Apart from the images, output the data below exactly.

Exercise data:
..........

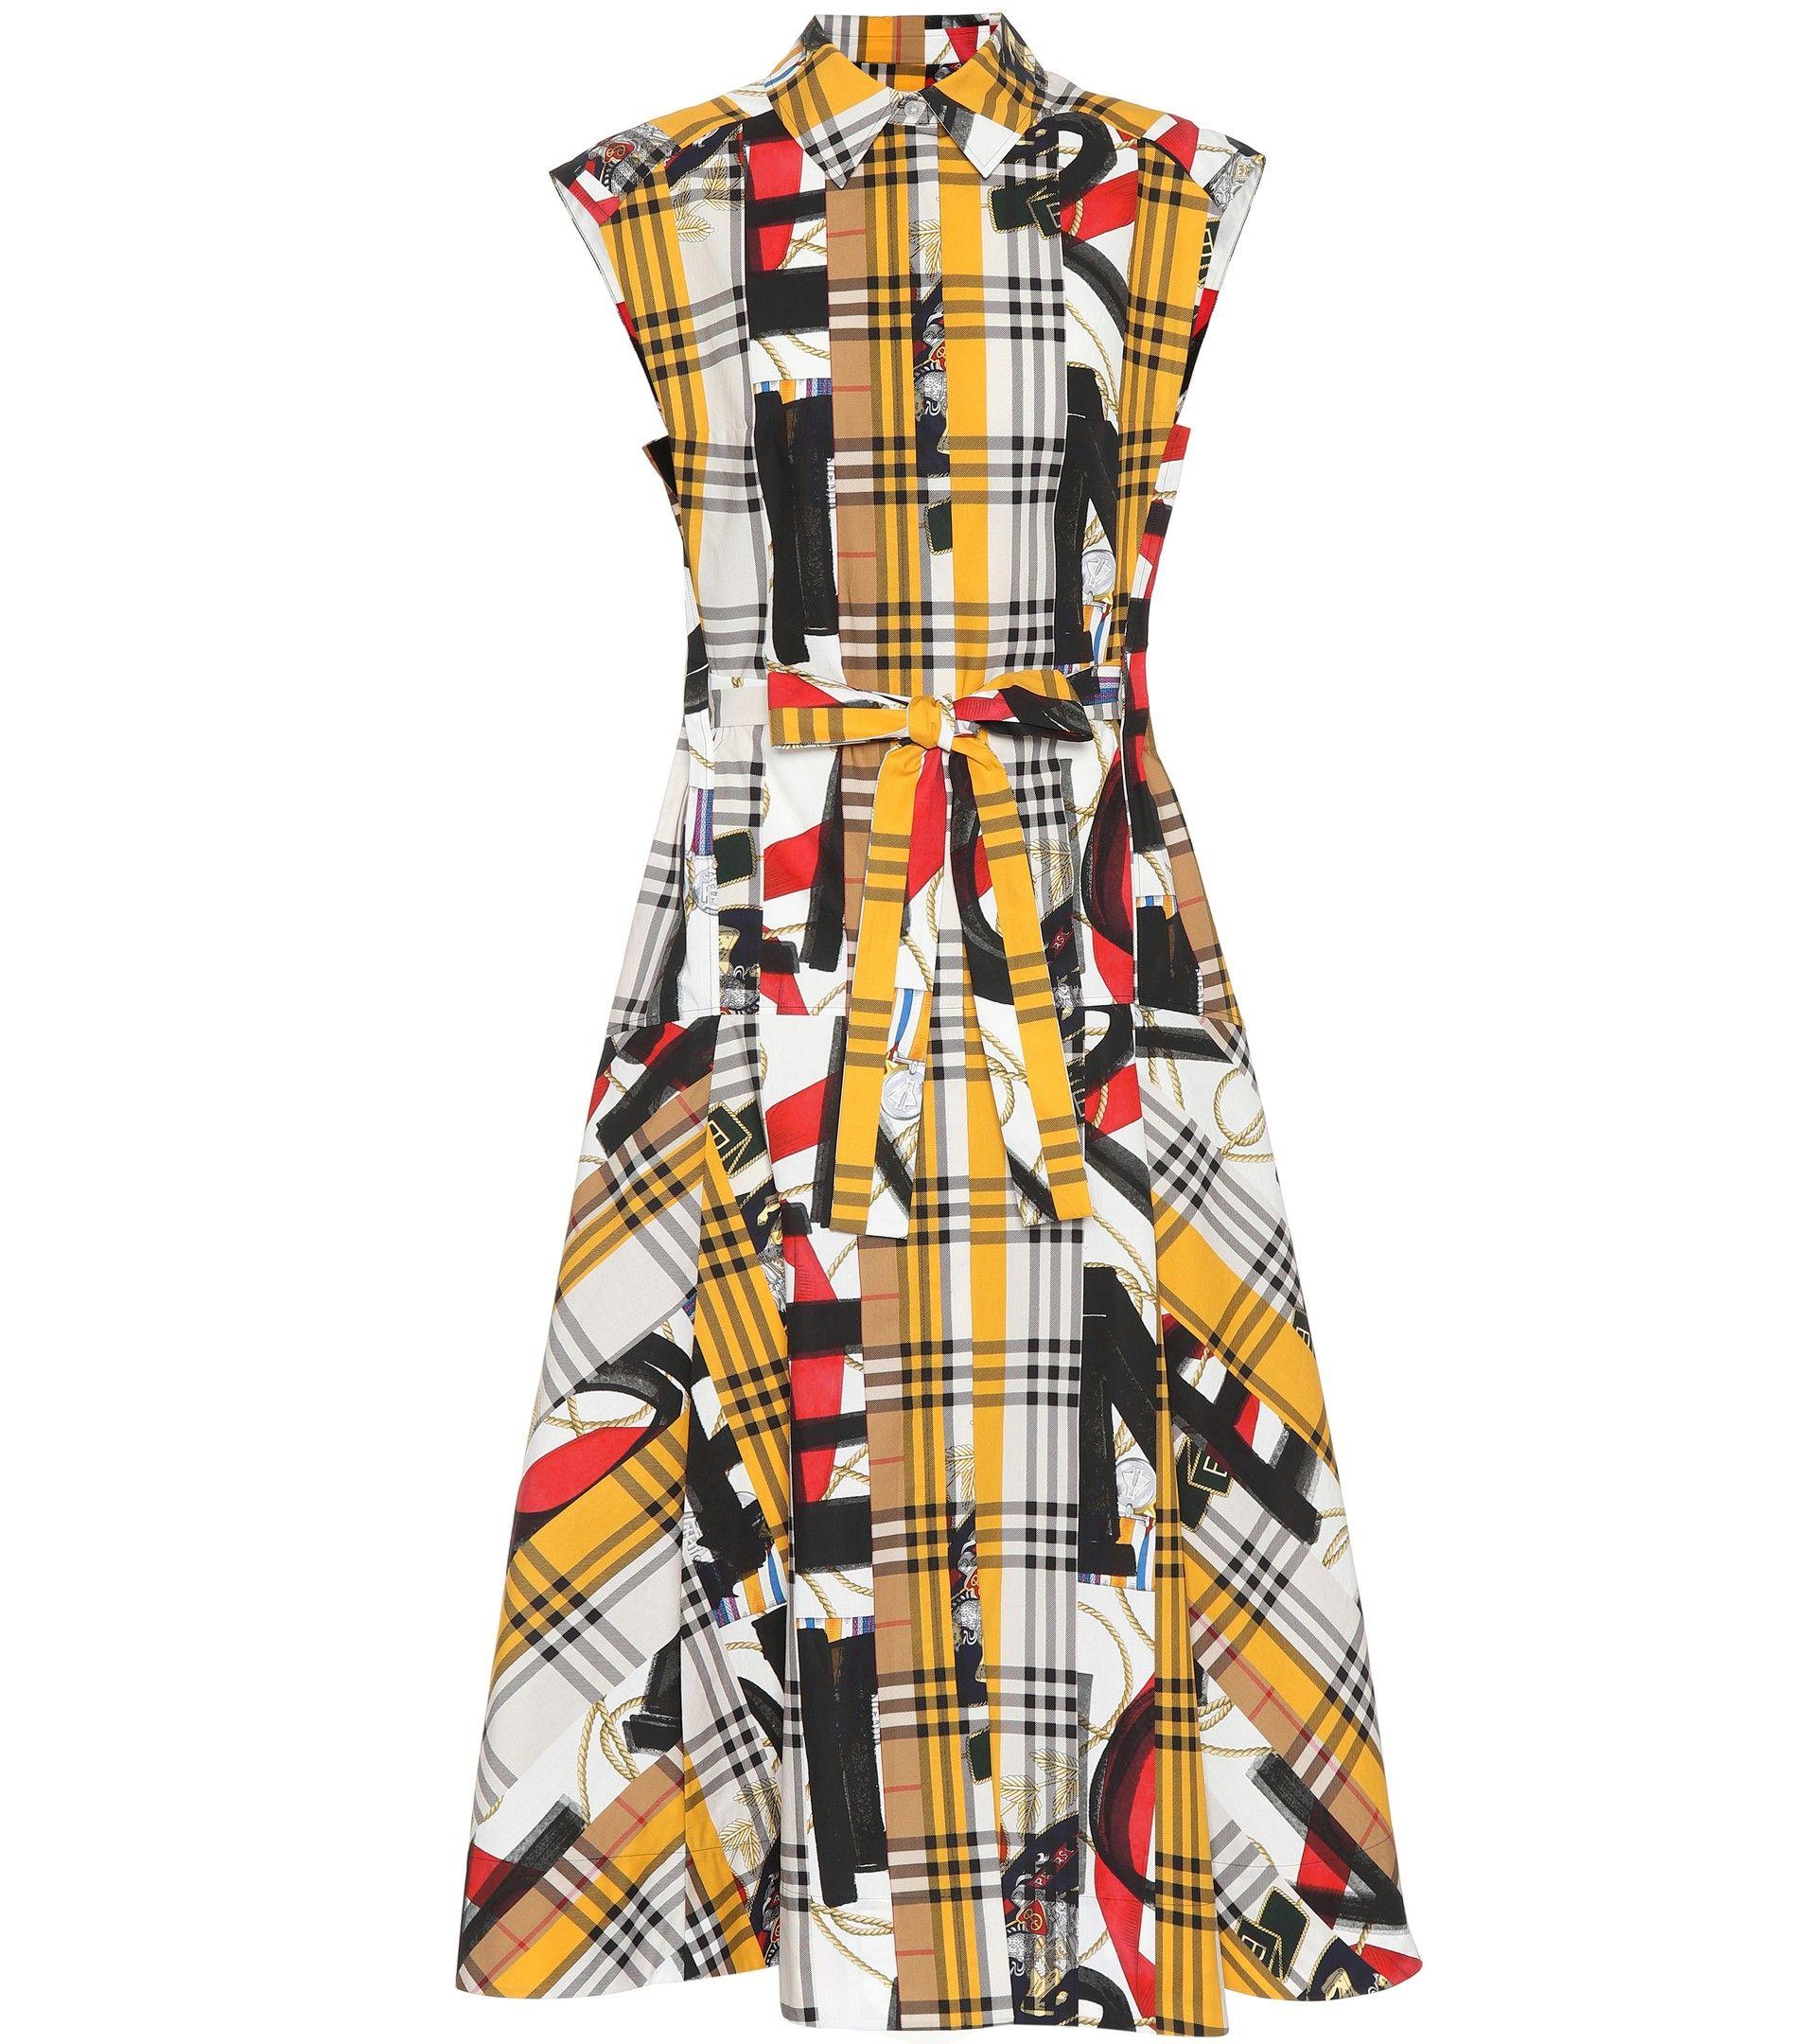 961e81ccfda0 Burberry - Archive Scarf print cotton dress | mytheresa.com | Mode ...
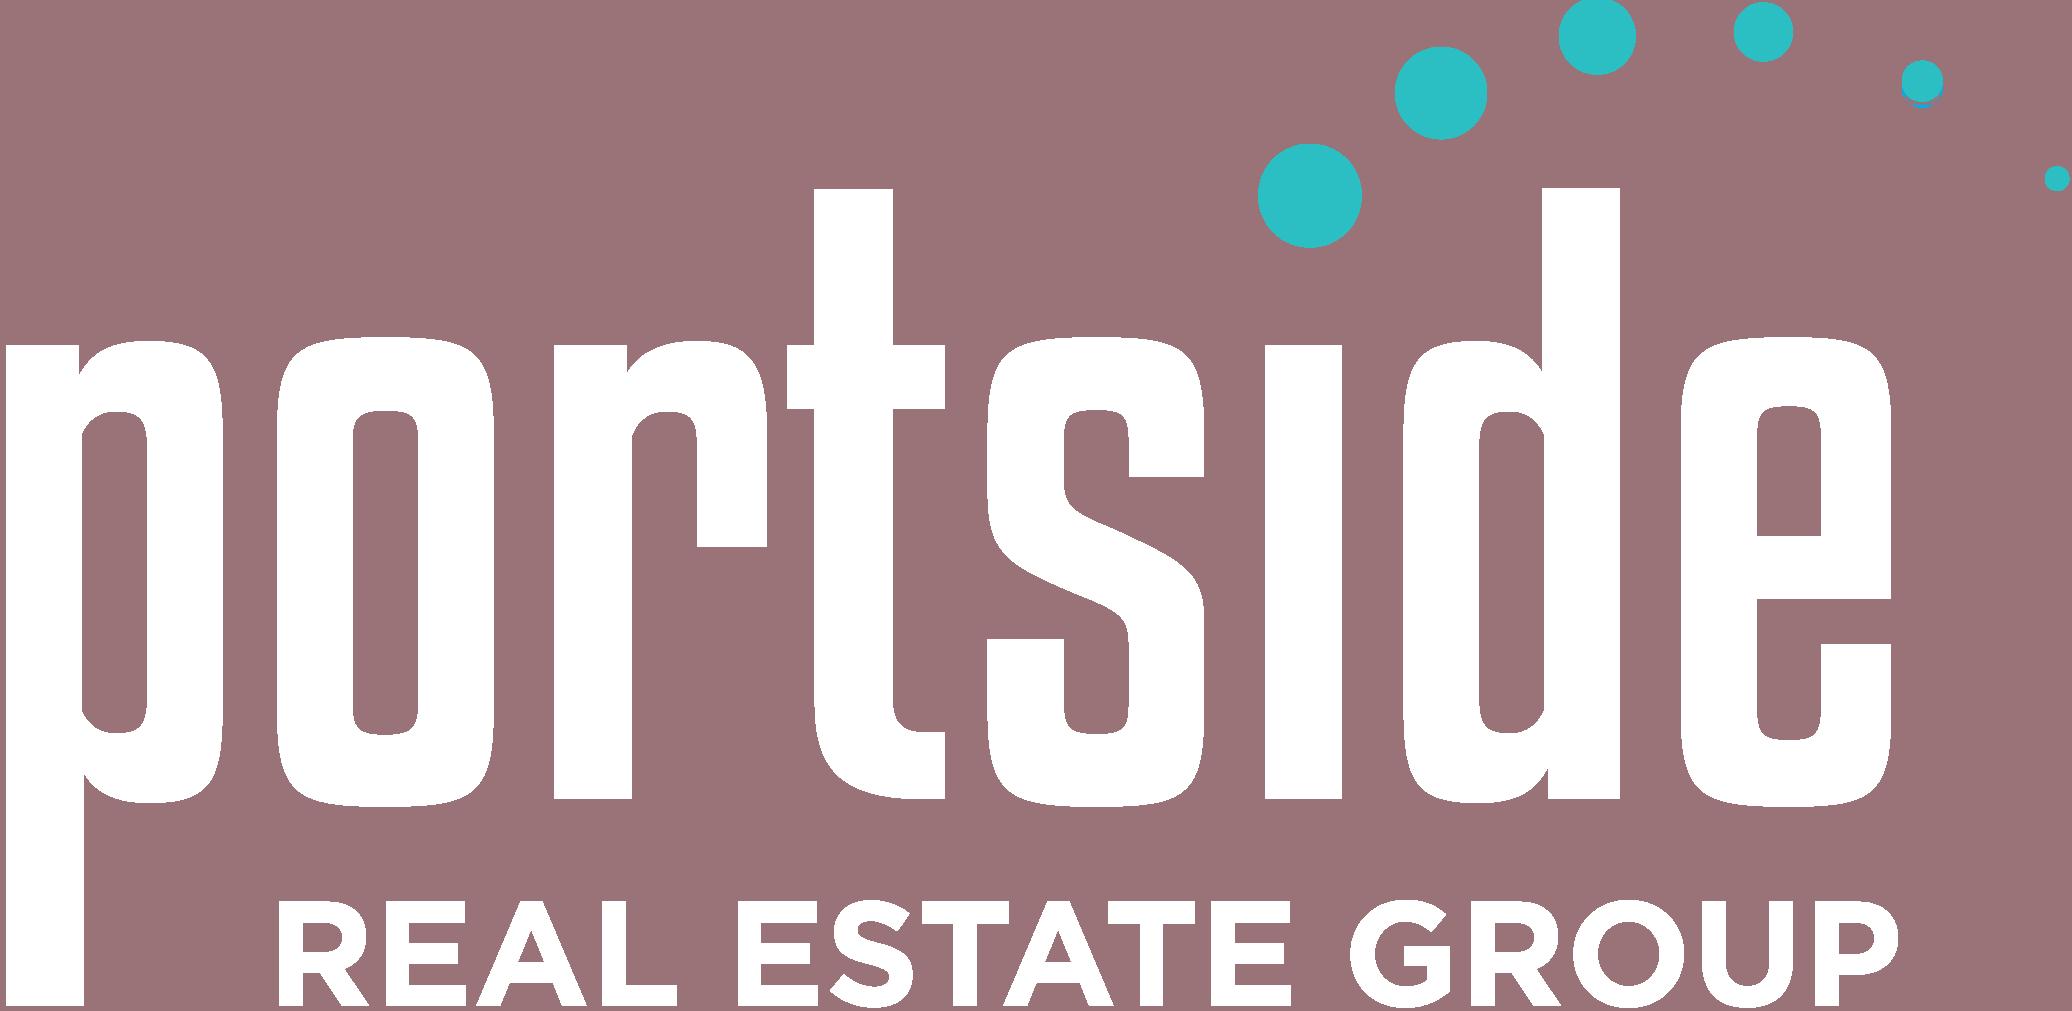 Portside Real Estate Group company logo
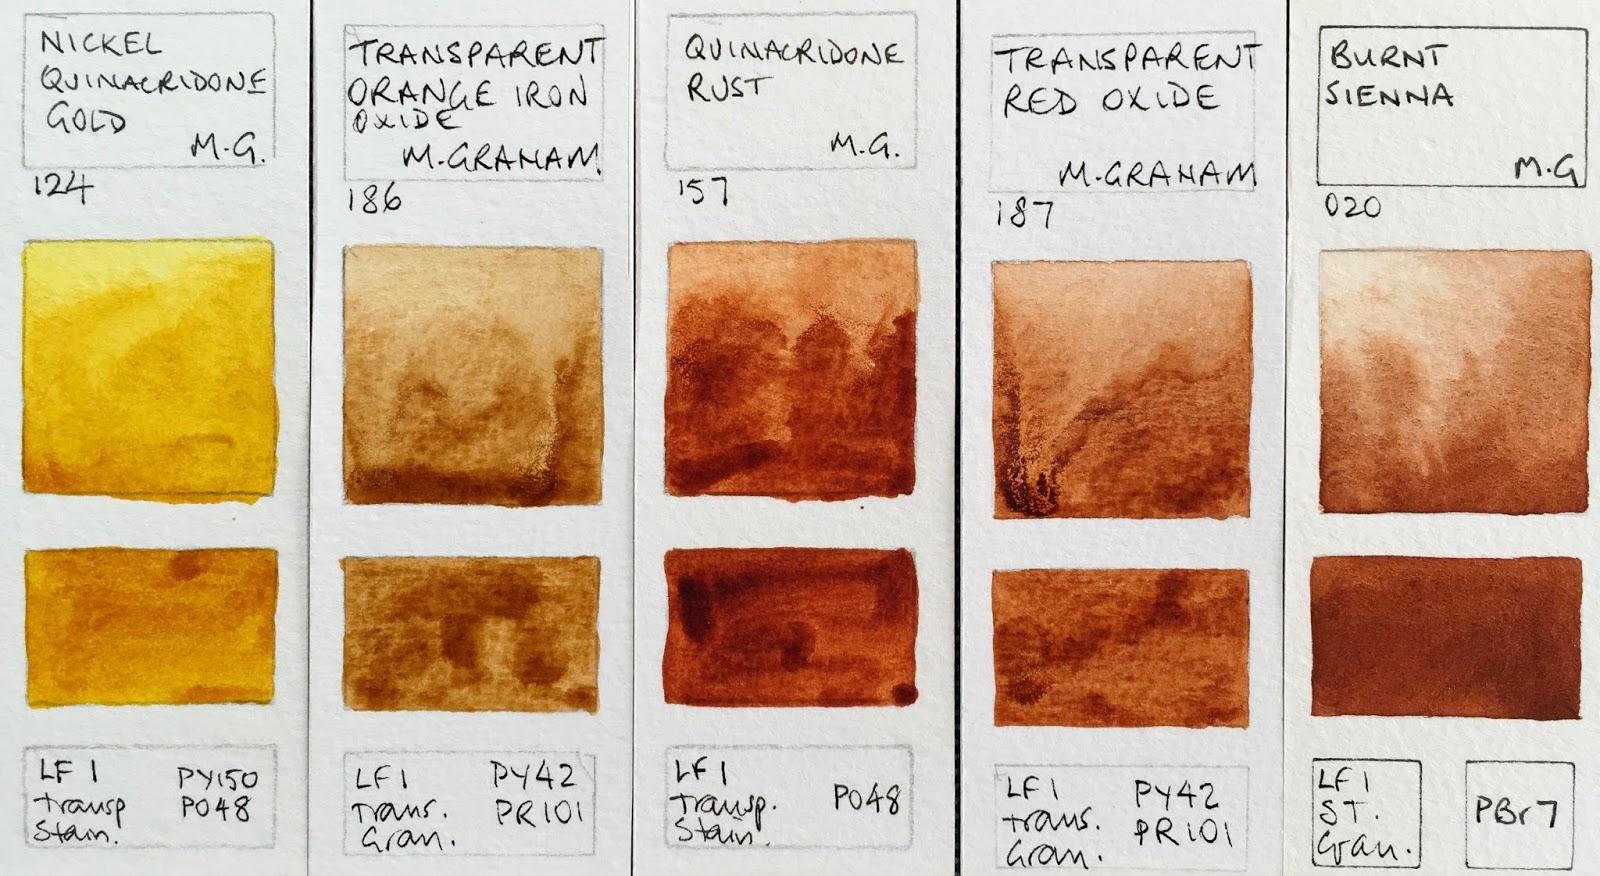 Maham watercolours nicke quinacridone gold transparent orange iron oxide rust red burnt sienna also jane blundell artist rh janeblundellartspot

..........

Response to this exercise:
 961e81ccfda0 Burberry - Archive Scarf print cotton dress | mytheresa.com | Mode ...
 Portside Real Estate Group company logo
 Maham watercolours nicke quinacridone gold transparent orange iron oxide rust red burnt sienna also jane blundell artist rh janeblundellartspot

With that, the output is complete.